Vipassana voulant dire « regarder avec les yeux ouverts », c’est grâce à cet entrainement que je commence à me voir plus objectivement, et ainsi me rendre compte que je ne suis pas aussi « bon » que je veux bien le croire. Et enfin commencer à me défaire de cette commode certitude que j’ai toujours entretenue à mon sujet.
Pour nous permettre de briser cette illusion, Vipassana nous aide à prendre conscience de toutes nos actions, pas seulement en surface, et pas seulement celles qui « font notre affaire », mais toutes. Chaque action, chaque parole et même chaque pensée sont soumises à l’impitoyable éclairage de la vérité.
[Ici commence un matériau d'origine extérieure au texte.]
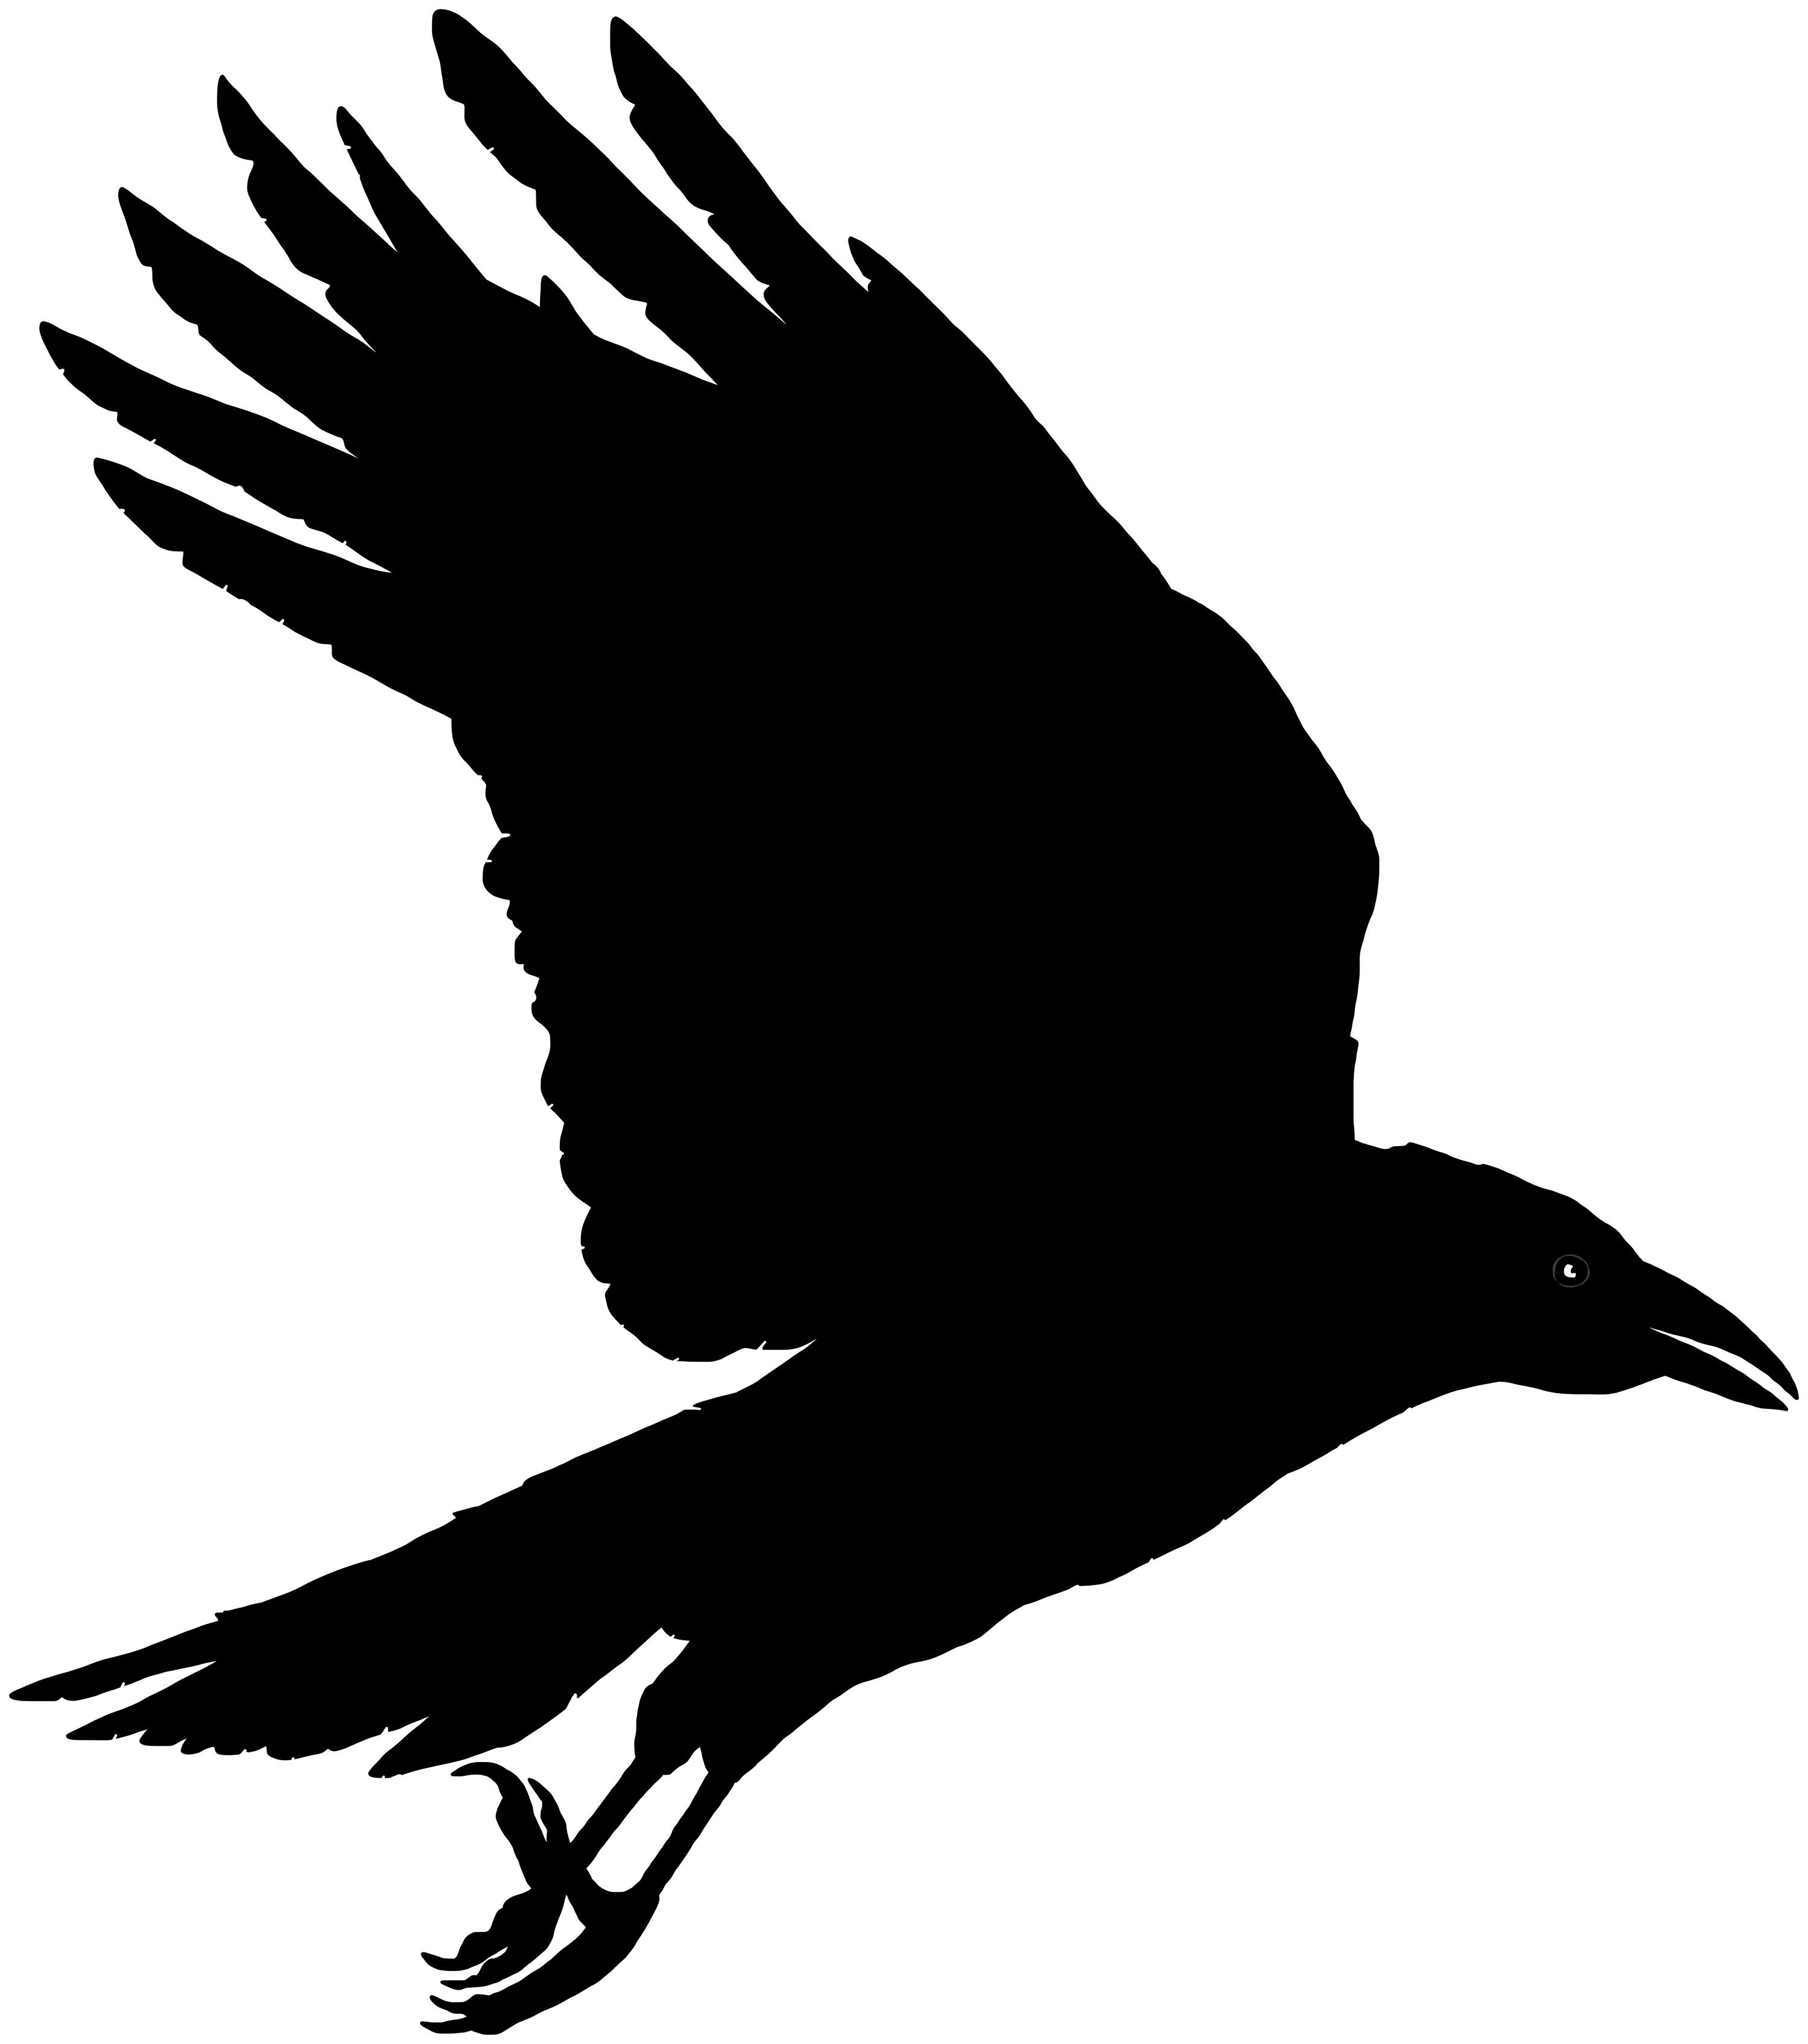 corvus phil openshaw clip art ravens printables. Black Bedroom Furniture Sets. Home Design Ideas

C’est ainsi qu’au cours de cette première retraite, j’ai vraiment réalisé jusqu’à quel point je suis rarement attentif à ce que je fais.
J’ai découvert, par exemple, combien je vaque à mes occupations en ayant l’esprit ailleurs ou combien, dans une conversation, « j’écoute » en pensant à autre chose. J’ai ainsi réalisé que pratiquement tout ce que je fais, je le fais, perdu dans mes pensées, dans mes souvenirs, dans mes rêves et dans mes peurs.
En apprenant à être attentif, je commence à voir des choses que je ne voyais pas avant; je découvre petit à petit ce qui m’était caché. (Ou que je ne voulais pas voir?)
Mais Vipassana n’étant pas seulement un entrainement à la conscience attentive, c’est surtout une méthode pratique pour arriver à voir les choses telles qu’elles sont réellement, au-delà des apparences. À m’observer ainsi, avec la distance de l’objectivité, ne me laissant pas submerger par les émotions, un certain détachement s’opère.
Maintenant, lorsque surgit une pensée malsaine, j’en prends note rapidement et je me dis, en riant : « Houlà! Y’a du travail à faire! » C’est très libérateur. C’est aussi devenu amusant.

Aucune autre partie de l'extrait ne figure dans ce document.